I've seen some ideas here for doing a wine closet but I'm looking for more info than throwing up good wine shelves (which is what i've done in the past). Developing my basement, the only wine space I'll have is a custom built closet, about 36" wide (inside edges) I can go out to about 29" in depth from the back of the closet to the outside of whatever enclosure (door, whatever) I use, and I've got 9' ceilings. My three main goals are:

1. As much capacity as possible while still maintaining accessibility (I'm willing to go right up to the ceiling and keep a stool near by)
2. Potentially use part of the space with a built-in wine fridge for the the long term special bottles
3. Good insulation, (air flow yes or no?) for the rest of the closet and door, try to control the climate as much as is reasonable, for the rest of it - The goal is to be able to keep some bottles long term, quite a few bottles medium term and then some space for short term ready drinkable storage.

I'd love to have a proper wine room but don't have the space, so I figure if I can build as efficient a closet as possible that is well designed for capacity and climate I should be ok. I was considering putting maybe a 3' wine fridge built in at the bottom, a small shelf for messing around just above it and then an efficient closed in, insulated, closet above that going to the ceiling. 

Alternately, I could forgo the wine fridge and shelf above it, and simply do a big insulated closet and try to climate control the whole thing a bit. Good or bad idea?

Looking for good suggestions - I'm willing to put a bit of money into it as I'm starting with a blank slate. I don't need a luxury closet, but I'd like it to be something that I'll be happy with for the long haul...


----------



## paulfielding (May 18, 2015)

Side note - one wall of the closet will be adjacent to the furnace room, which has two implications:

1. I'll definitely want to ensure it is well insulated to protect it from any heat variation from that room
2. If I want to do any sort of active climate control, I've got that wall as an easy space to vent in/out of and deal with the resultant air flow somehow.


----------



## JohnT (May 19, 2015)

Paul, 

Next to the furnace is the worst place you could choose. I would first seek an alternative location, perhaps a corner of the basement? This would remove the extra concern that you might have over climate control.
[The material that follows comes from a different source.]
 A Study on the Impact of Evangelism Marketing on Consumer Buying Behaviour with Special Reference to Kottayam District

Another suggestion is (if you feel you need climate control) is to get a climate control unit and convert that closet into one big wine fridge. 

If you make 2 case batches of wine (or more) I would build "diamond cube" cubbies where you can stack whole batches tightly together. Since there is little to no space between bottles, this is the most efficient method of storing wine that I know. I would position these cubbies from the floor to about 6 feet, then have individual wine racks on the top for your longer term storage. 
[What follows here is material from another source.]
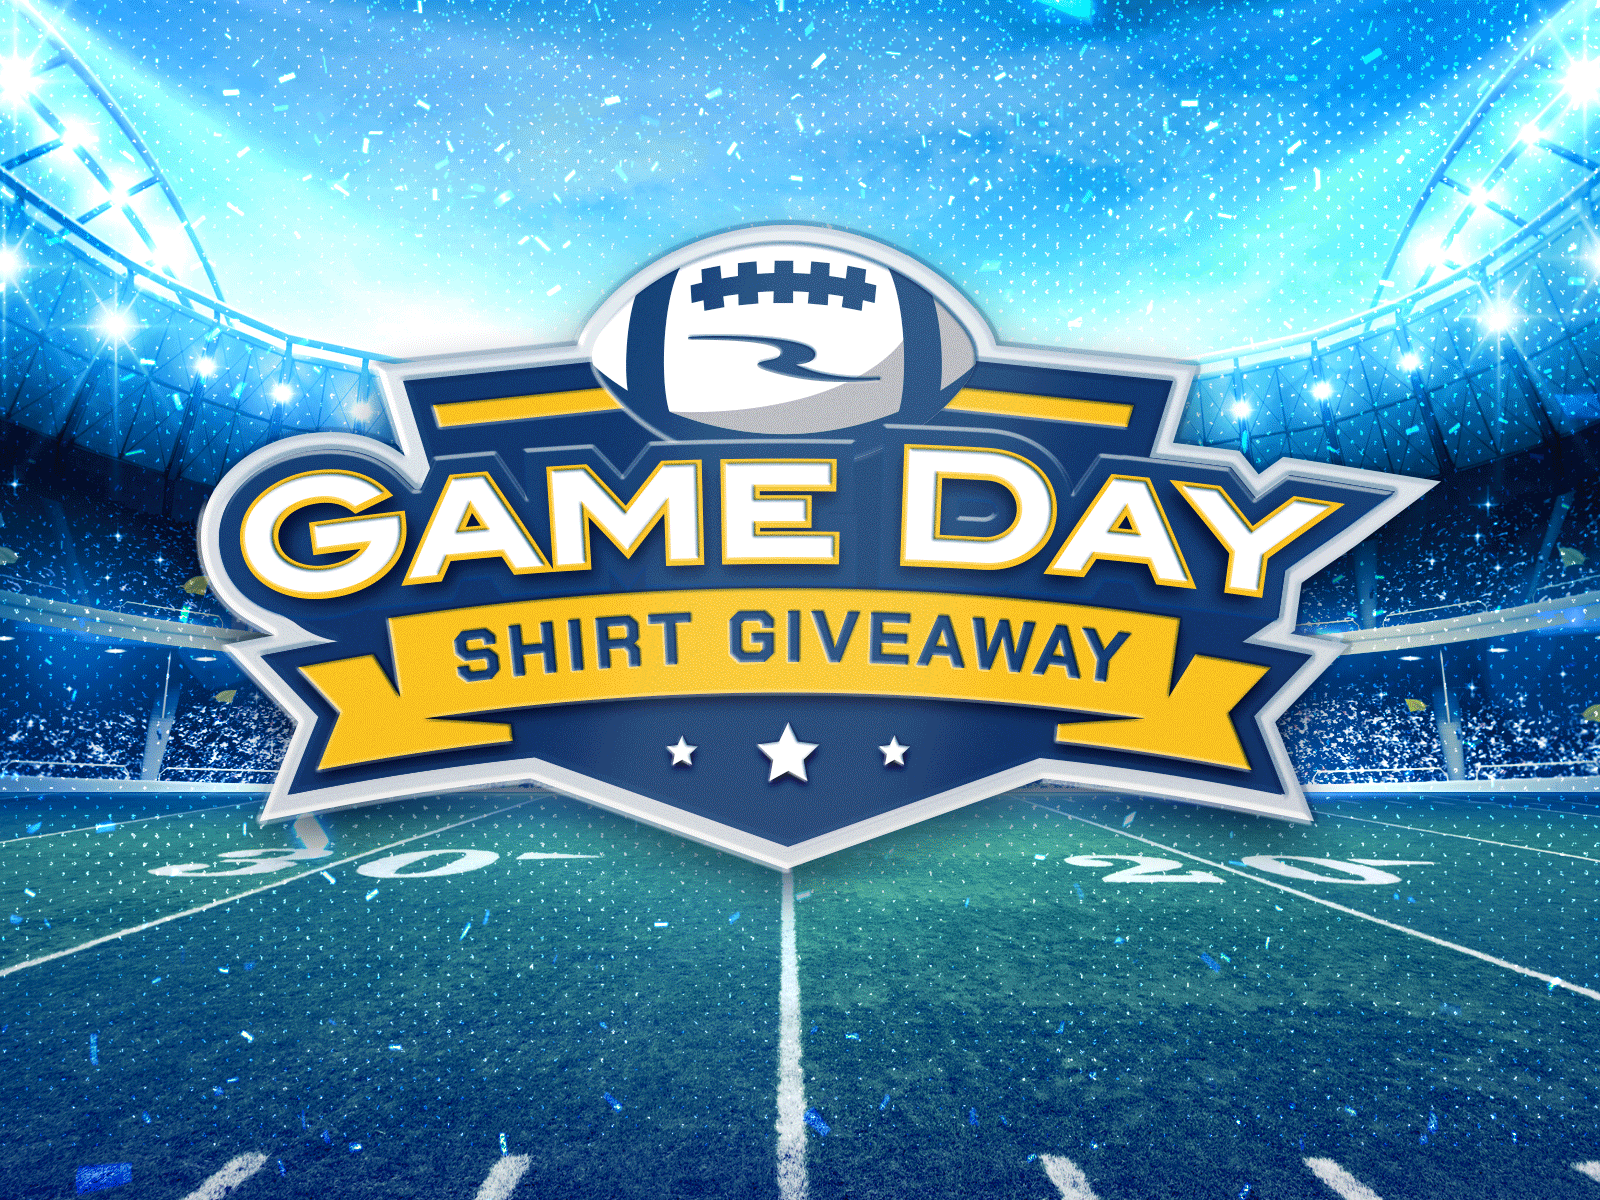 Rivers Game Day Shirt Giveaway Promo

Oh, and one more thing. Be sure to install nice lighting and also a glass door!


----------



## paulfielding (May 19, 2015)

Hi John, I should clarify - the space isn't next to the furnace, but it is next to the furnace room. The furnace room will be around 16 feet long, the furnace itself will be at the opposite end of the room. The wine closet is outside the furnace room on the opposite end, but butted up to it on the other side of a wall. That being said, it won't get too warm there, but there probably will be a bit of a temperature differential, hence the reason I want to insulate very well. Also part of the reason I was considering climate control. It's my only option - there is no other corner of the basement that will work. Indeed I like the idea of turning the closet into one big wine fridge. I guess the question then is how best to approach doing that? Has anyone documented such a thing?


----------



## Floandgary (May 20, 2015)

Relatively simple task to sufficiently insulate/isolate from the furnace room area. Think about it,,, the interior of a refrigerator/freezer has very little separation from our world! That taken care of, let your imagination go to work


----------



## paulfielding (May 20, 2015)

Anyone have any suggestions on:

1. How best to approach cooling the closet? (I have choice between venting to the hallway, venting to the furnace room, or using the furnace room to run ducting to vent elsewhere.)

2. Assuming the rest of the closet is well insulated, how best to approach the closet door, in regards to being reasonably sealed while still being easy to open/close?


----------



## vacuumpumpman (May 20, 2015)

1- I would vent it to the furnace room and then hook up a continuous fan that can circulate within your duct work. I had to do a similar thing because the basement was always cold - works perfectly. 

2 - a cheap or reasonable outside door that has seals on it ?


----------



## paulfielding (May 21, 2015)

The main issue with getting an outside door is dimensions (?). If I want to make this closet go right up to the ceiling, I probably want to have the door open up that high, too. Which probably means a custom door(?). If I really want to get fancy I probably want a glass windowed door.  (Don't know if I want to get fancy yet). So I wonder how hard it would be to custom build a door that seals well...


----------



## JohnT (May 22, 2015)

I would suggest at least a door with some glass. Be sure to install some good lighting so that the closet becomes a decorative showcase. No finer sight then that of full wine racks.


----------